Liputan6.com, Jakarta - Pesisir menjadi wilayah langganan terdampak abrasi, penurunan tanah (land subsidence) dan banjir rob. Tak terkecuali di Tangerang. Berdasarkan keterangan warga yang tinggal di pesisir, salah satu dampak nyata terjadinya abrasi di laut Tangerang, adalah hilangnya mata pencaharian.
Rudianto (35) Ketua RT 06 Kejaron 11, Desa Kohod, Kecamatan Pakuhaji mengungkap, warga yang dulunya memiliki empang kini harus rela kehilangan sebab menjadi korban abrasi.
“Rumah serta empang milik warga yang dulunya berdiri kokoh tak jauh dari tepi pantai kini harus berpindah jauh dari bibir laut, menjauh dari ancaman air yang semakin mendekat,” ujar Rudianto kepada media, Sabtu (25/1/2025).
Advertisement
Dia mengaku, sejak tahun 2000-an, air laut mulai merangsek lebih jauh ke daratan, bahkan mengancam keberadaan empang yang menjadi tumpuan hidup sebagian warga. Ia mengingat, perubahan daratan pinggir laut yang kini telah berubah menjadi air laut sepenuhnya.
“Hampir 1 kilometer yang dahulu daratan, kini telah menjadi perairan. Air sudah mulai ke sini, karena abrasi dekat empang itu," tambah Rudianto.
Rudianto menyatakan, perubahan wilayah membuat sebagian besar warga memiliki empang memilih untuk tidak lagi merawatnya. Sebab usaha itu sia-sia jika nantinya harus digusur oleh air laut yang terus bergerak maju.
“Desa Kohod kini menjadi saksi bisu. Dulu, wilayah ini adalah rumah bagi banyak keluarga yang menggantungkan hidupnya pada laut dan empang, namun kini mereka harus menghadapi kenyataan pahit bahwa tanah yang mereka huni semakin tergerus oleh waktu dan alam,” keluh Rudianto.
Banyak Faktor Penyebab
Akibat abrasi di pesisir Tangerang, Pemerintah Kabupaten Tangerang mencatat sejak 1995-2015, lebih kurang 579 hektare lahan alias tanah daratan hilang. Diketahui, banyak faktor yang mengakibatkan abrasi, di antaranya pembukaan lahan hutan mangrove untuk dijadikan tambak.

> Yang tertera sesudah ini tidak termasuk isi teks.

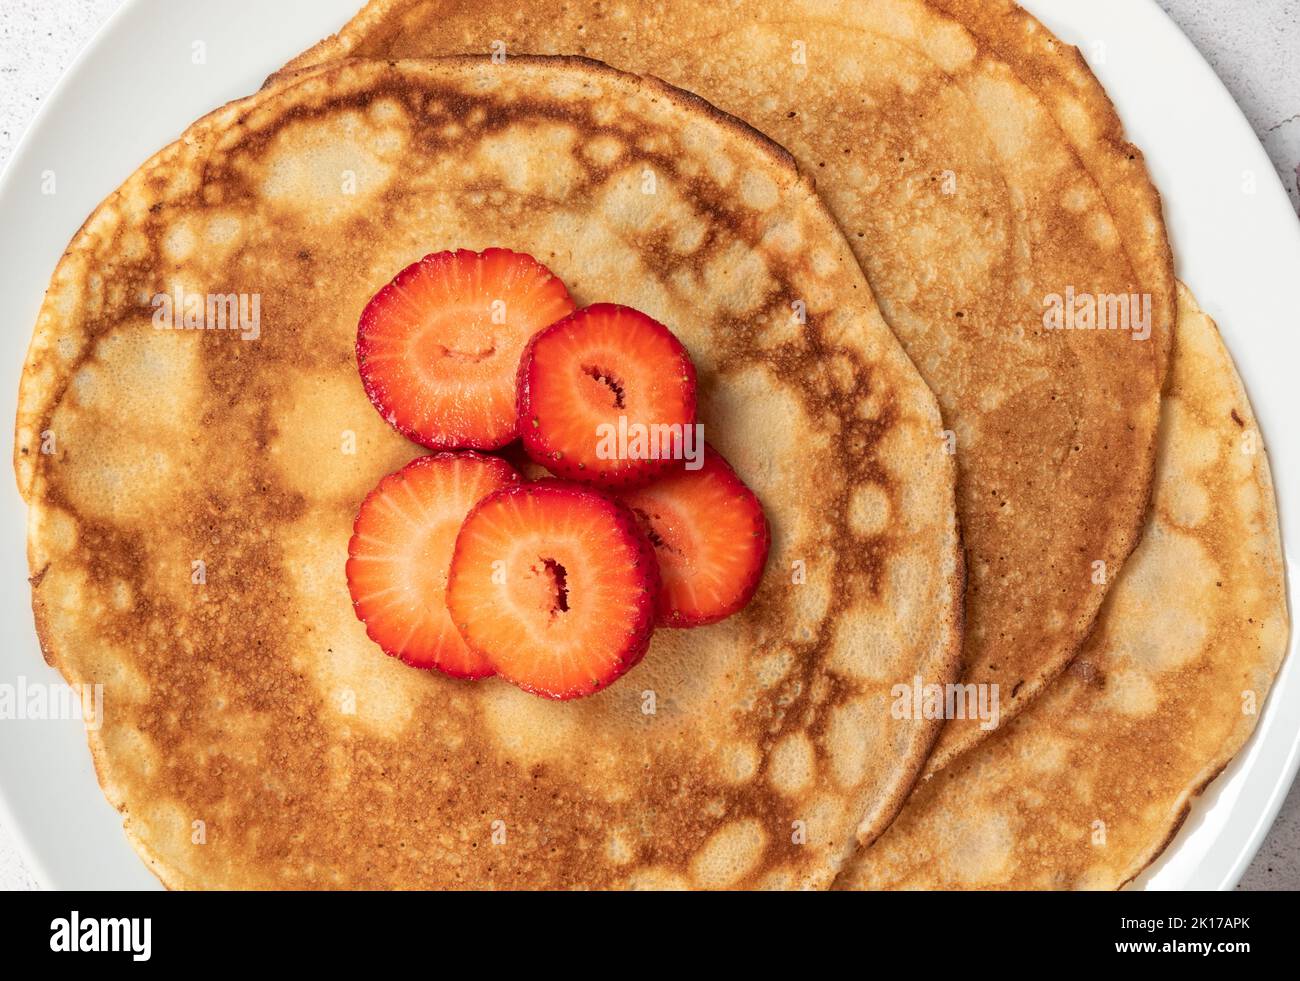 Pancakes with strawberries Stock Photo
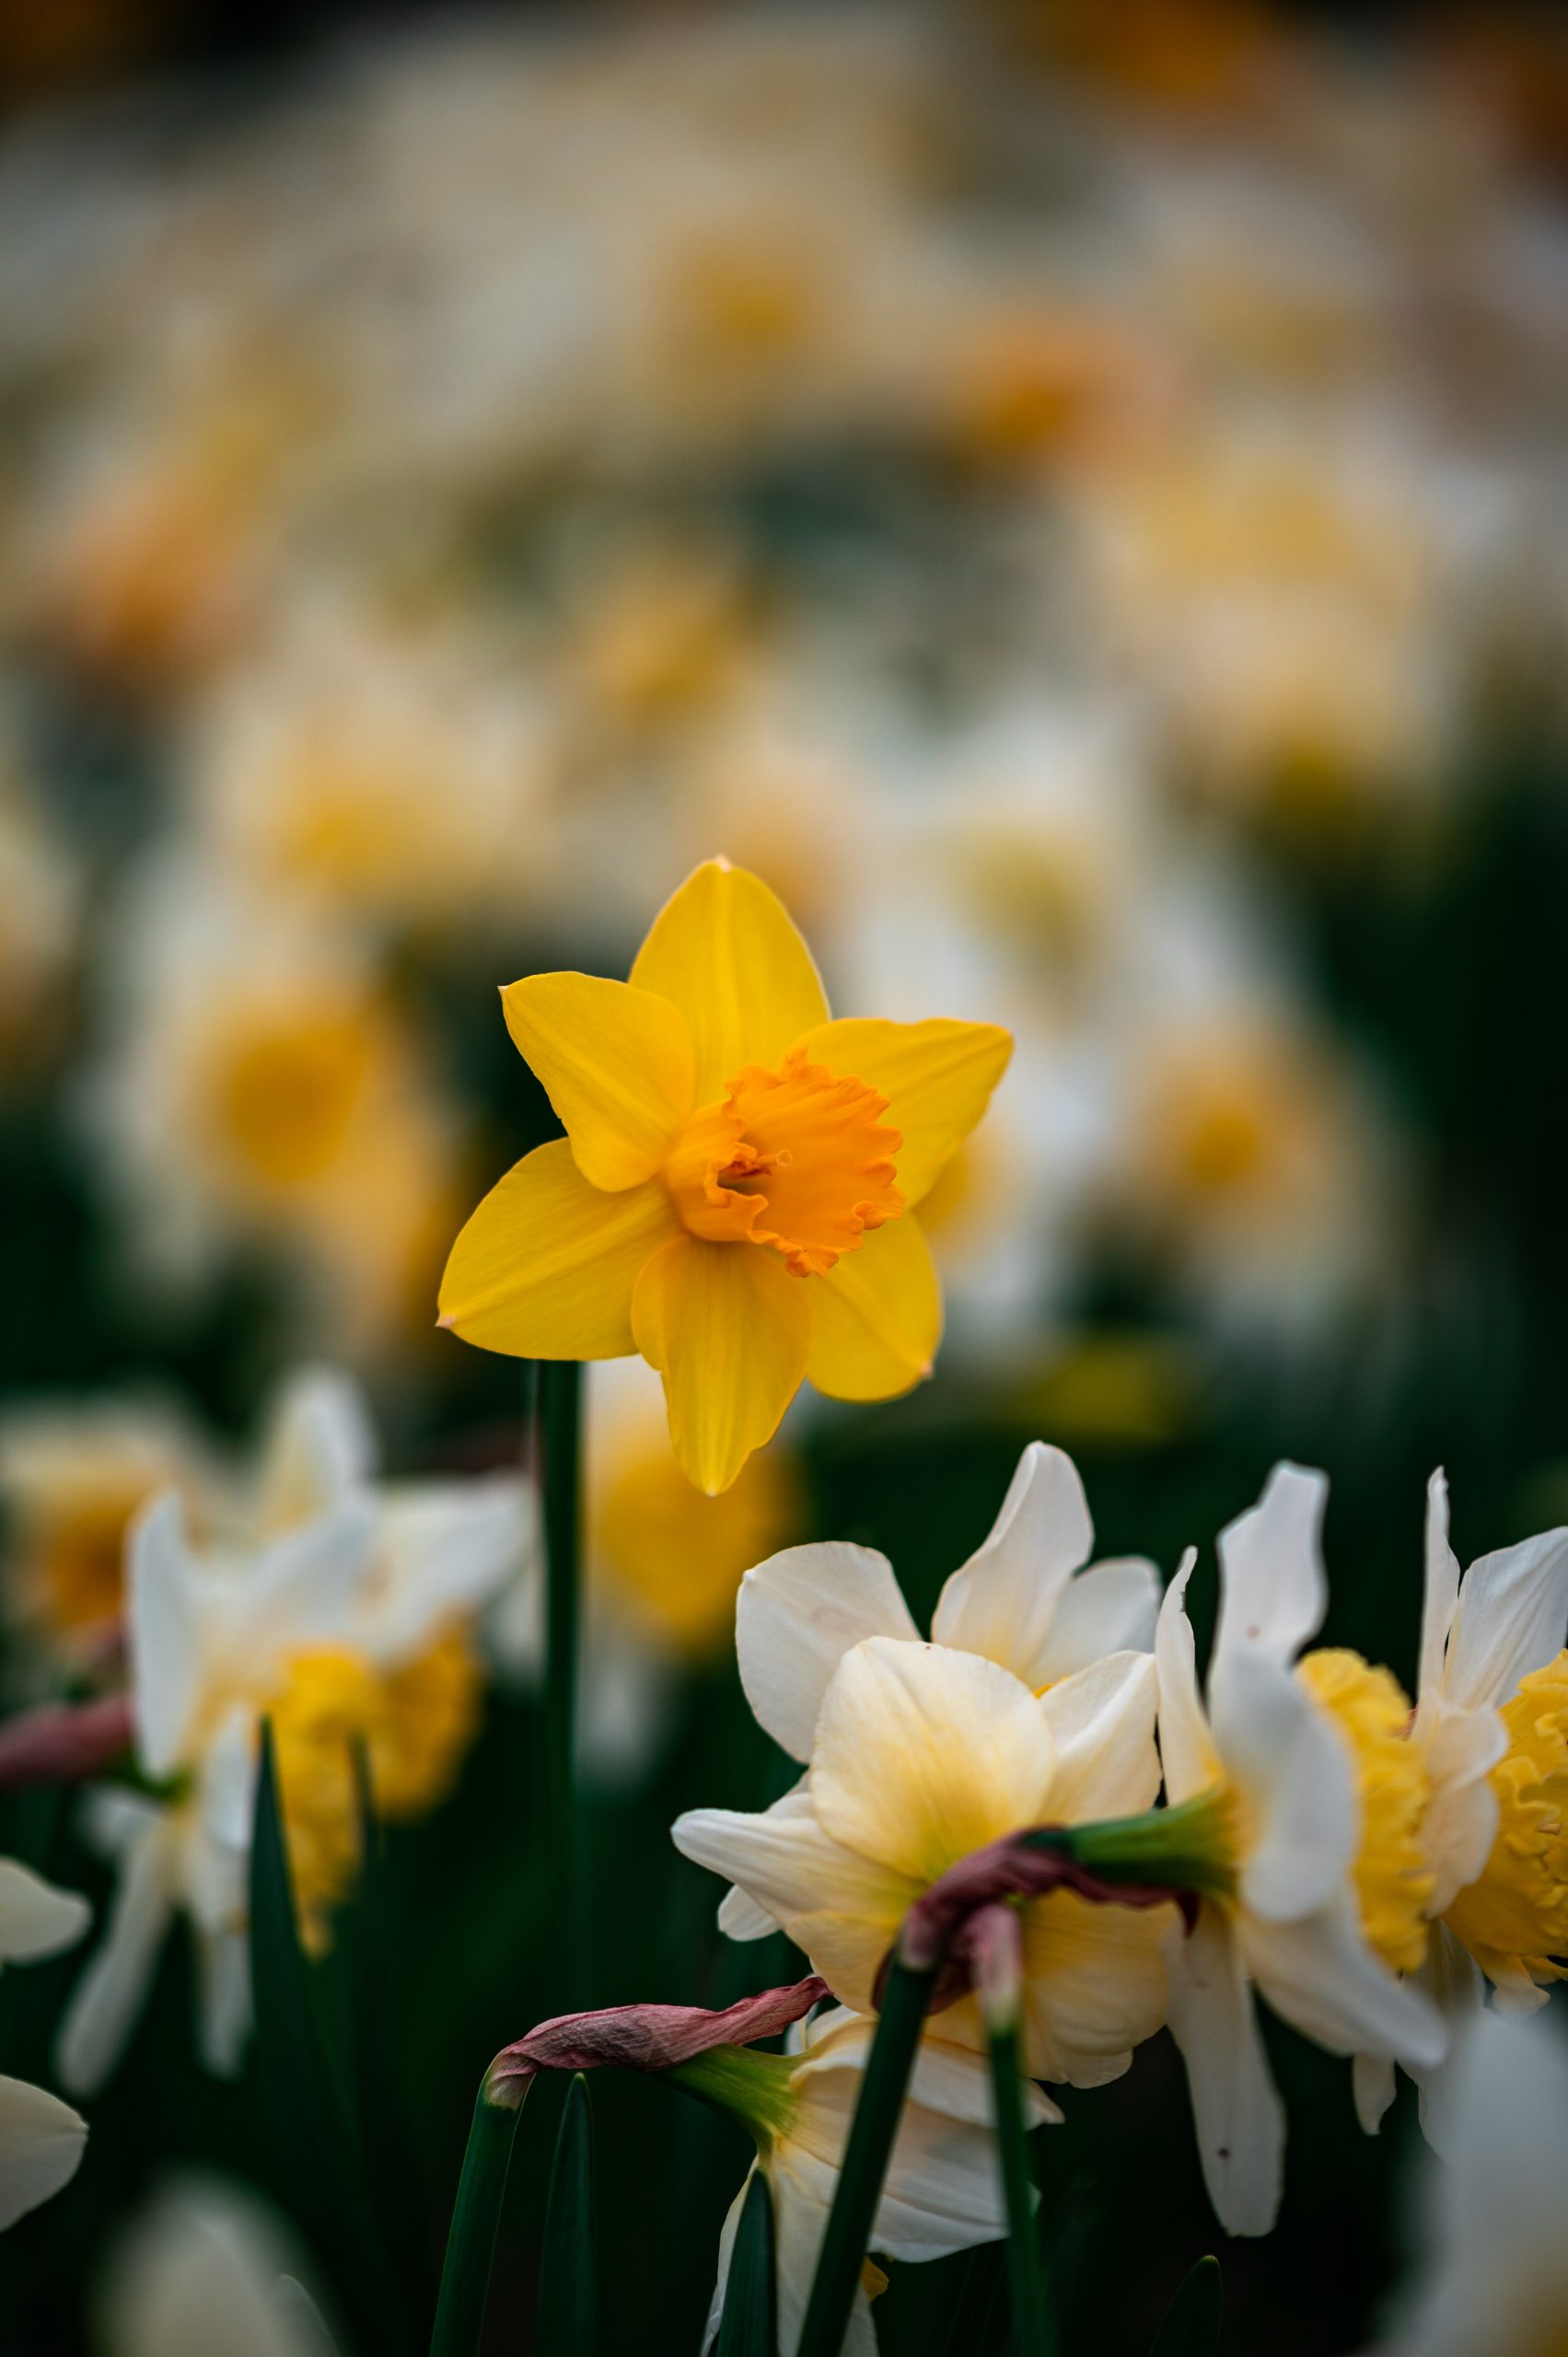 What Is The Difference Between Daffodils And Buttercups? Are They The Same Thing?

Padahal, di era 80-90an salah satu desa di pesisir Kabupaten Tangerang yakni Desa Marga Mulya terdapat lahan pertanian semangka dengan hasil yang berkualitas dan memiliki nilai ekonomi tinggi. Namun akibat abrasi, lahan tersebut kini sudah hilang tertutup air.
Problem ini mencapai tahap kritis jika tidak cepat ditanggulangi dan mengancam 50 juta jiwa yang tinggal di Pulau Jawa. Berdasarkan data yang diterbitkan Kemenko Bidang Perekonomian 2024, dampak kerugian ekonomi mencapai Rp2,1 triliun dan akan terus meningkat hingga Rp10 triliun dalam 10 tahun ke depan.